Si può pertanto agire e modificare l'organizzazione del lavoro,
operando ad esempio una ridistribuzione del lavoro in maniera da evitare
sovraccarichi e situazioni stressogene, rendendo il lavoro più
vario e interessante. Ad esempio si possono alternare compiti che impegnano
molto le energie emozionali a compiti non impegnativi in grado di controbilanciare
i primi.
L'autrice rileva inoltre la possibilità di agire sul burn-out,
modificando il rapporto con gli utenti, dopo aver identificato quegli
aspetti del contatto che potrebbero provocare tensione emozionale. Purchè
un cambiamento sia efficace deve essere ovviamente costruito su misura
per le esigenze e le caratteristiche specifiche dell'organizzazione.
Maslach ad esempio riporta che una fonte di tensione nel contatto tra
operatori e clienti è la discrepanza tra obiettivi e aspettative.
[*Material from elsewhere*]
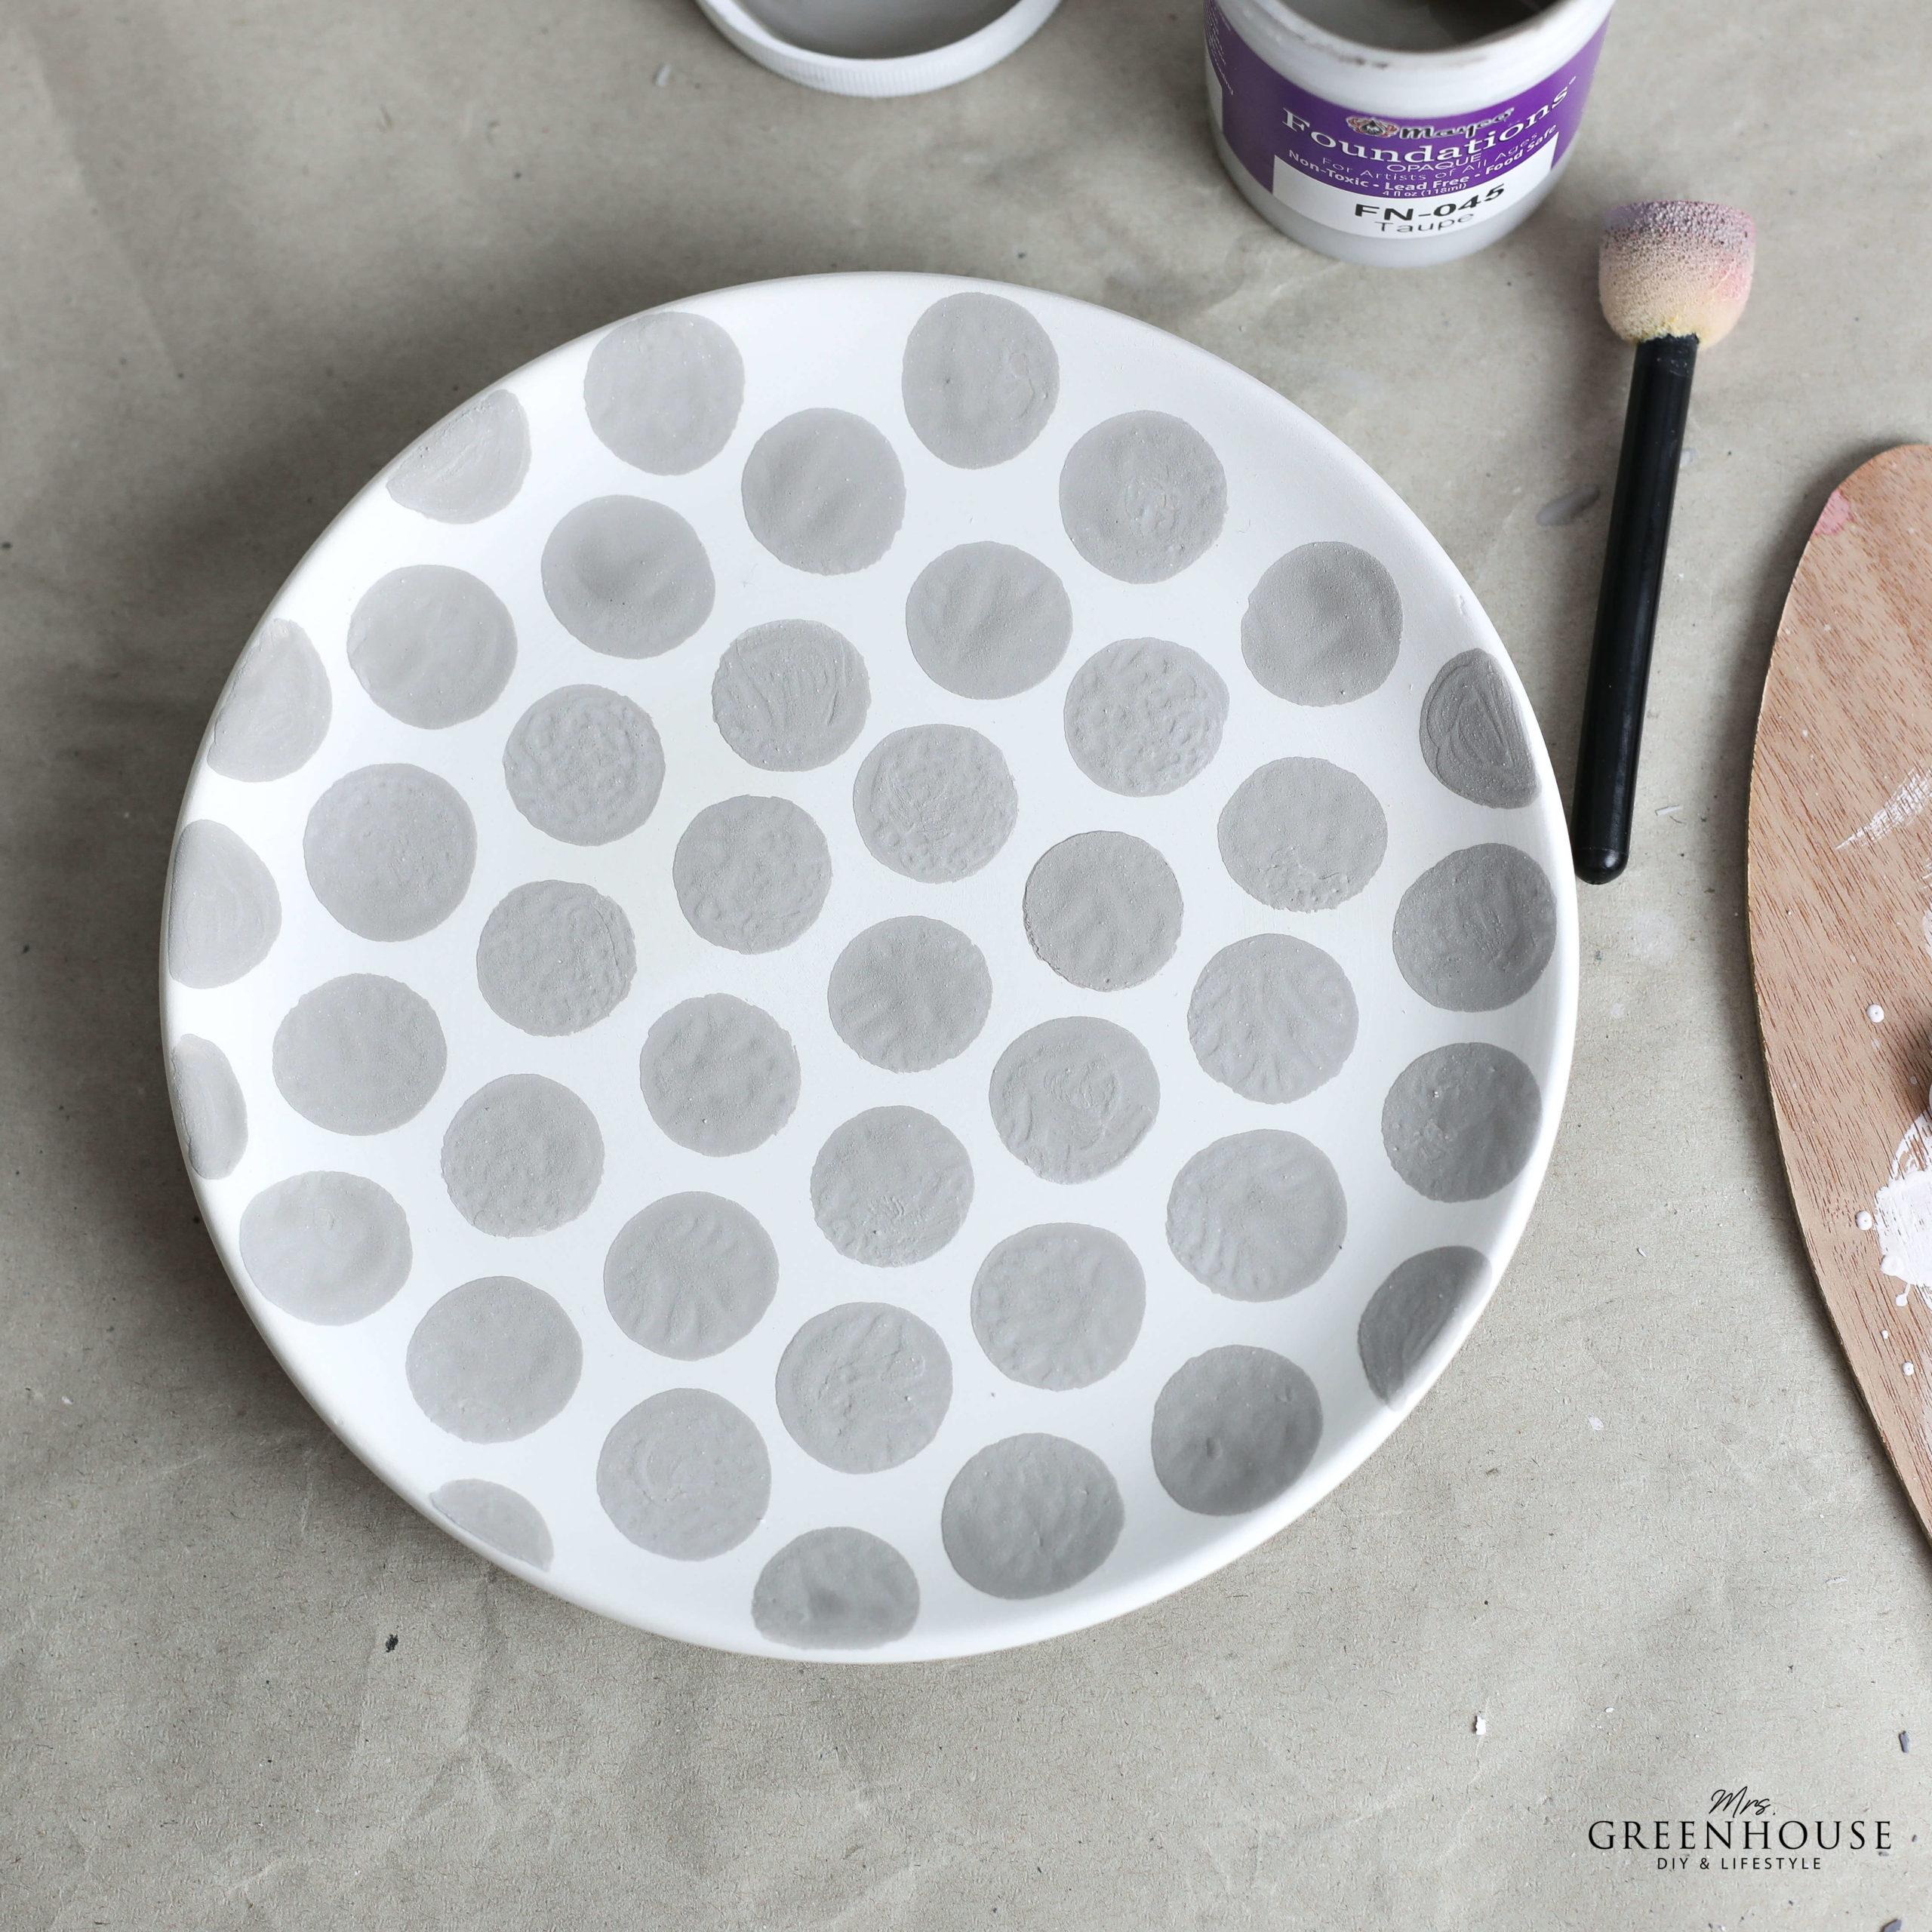 Keramik Teller mit Punkten bemalen

A ciò si potrebbe rimediare rendendo le comunicazioni molto più
dirette, chiare. Si possono esplicitare quelle aspettative spesso poco
espresse e avere maggiore chiarezza nella presentazione degli obiettivi,
che talvolta appaiono confusi.
VALUTAZIONE DEL LIVELLO DI BURN-OUT NEL LAVORO DI CURA CON ANZIANI ISTITUZIONALIZZATI
Alcuni autori (Fabbo, Bedini et al., 2005) hanno svolto una ricerca
presso una Residenza per anziani in provincia di Reggio Emilia con l'intento
di verificare la possibile presenza di burn-out all'interno della stessa
e l'eventuale miglioramento di questa situazione tra il personale, in
rapporto all'introduzione in struttura di un programma riabilitativo.
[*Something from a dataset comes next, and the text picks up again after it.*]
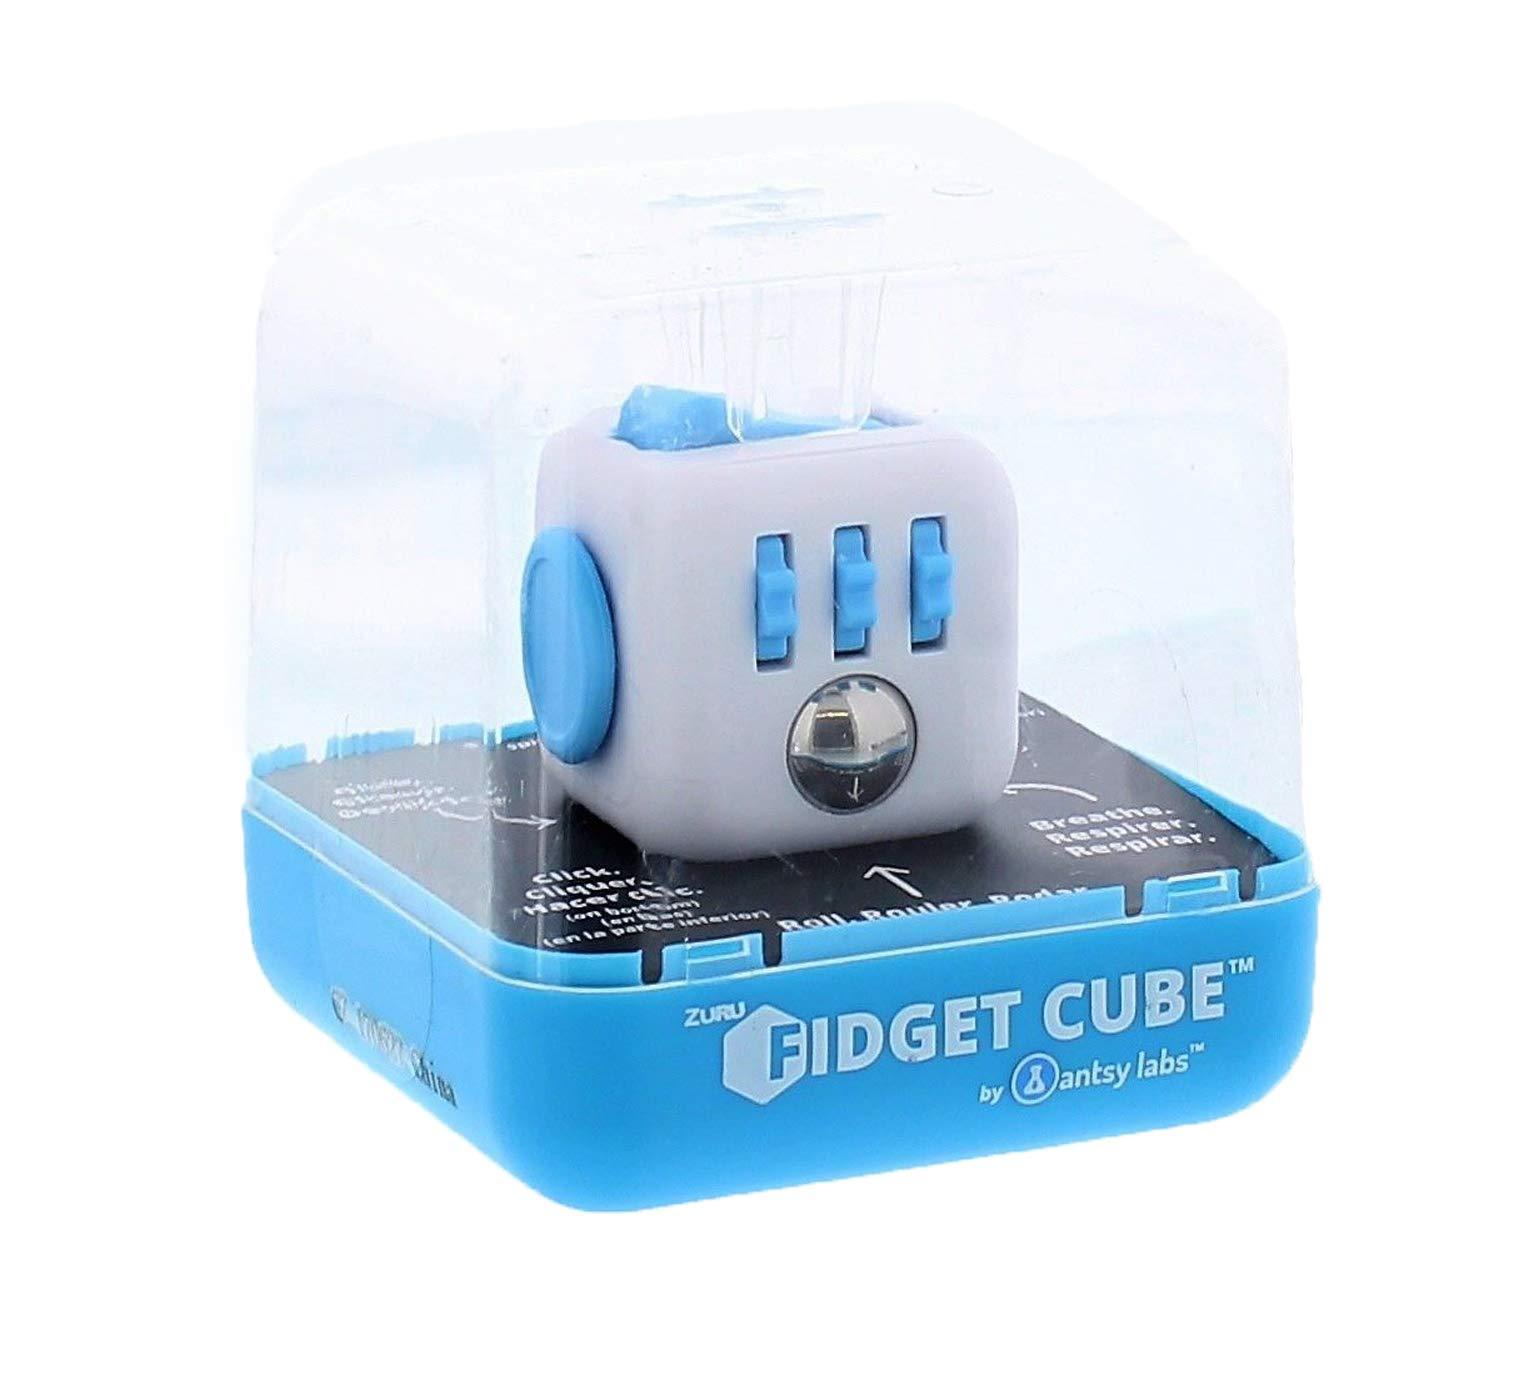 Zuru Fidget Cube by Antsy Labs - The Original Fidget Cube - Aqua Fidget Cube

Il programma prevedeva l'utilizzo di tecniche di Reality Orientation
Therapy e di Terapia Occupazionale rivolta agli anziani che presentavano
decadimento cognitivo di grado moderato-severo; tale evento era teso
a migliorare la performance psicofisica degli ospiti. Il livello di
burn-out è stato misurato mediante l'utilizzo della Maslach Burnout
Inventory, strumento che misura i tre aspetti della sindrome: esaurimento
emotivo, depersonalizzazione, mancanza di realizzazione personale. La
scala è stata somministrata dagli autori a tutto il personale
della struttura (operatori sanitari e sociali) prima dell'inizio del
programma terapeutico rivolto agli ospiti e ripetuta a 3 mesi di distanza
alla fine del primo ciclo delle terapie stesse.
I risultati ottenuti in questa ricerca evidenziano delle modificazioni
di atteggiamento del personale tra la prima e la seconda valutazione;
in particolare per quanto riguarda l'esaurimento emotivo si nota un
decremento: dal 28% di soggetti con basso esaurimento emotivo (EE) ad
un 36% alla seconda valutazione; i soggetti con medio EE passano dal
42% al 36%, mentre i soggetti con alto EE calano dal 30% al 28% e questo
denota chiaramente una riduzione dello stesso.
Anche per quanto riguarda la depersonalizzazione (DP) si è verificata
una modificazione dei valori: la quota di soggetti con bassa DP passa
dal 44% al 60%, i soggetti con media DP passano dal 28% al 16% mentre
la percentuale dei soggetti con alta DP scende dal 28% al 24%. Tali
valori indicano un attenuarsi di questo tipo di sensazione da parte
degli operatori. Allo stesso modo analizzando il senso della realizzazione
personale (PA), l'aumento dei valori rilevati indica un incremento di
questa, a suggerire un netto miglioramento della percezione dell'importanza
del proprio ruolo nell'ambito della propria professionalità .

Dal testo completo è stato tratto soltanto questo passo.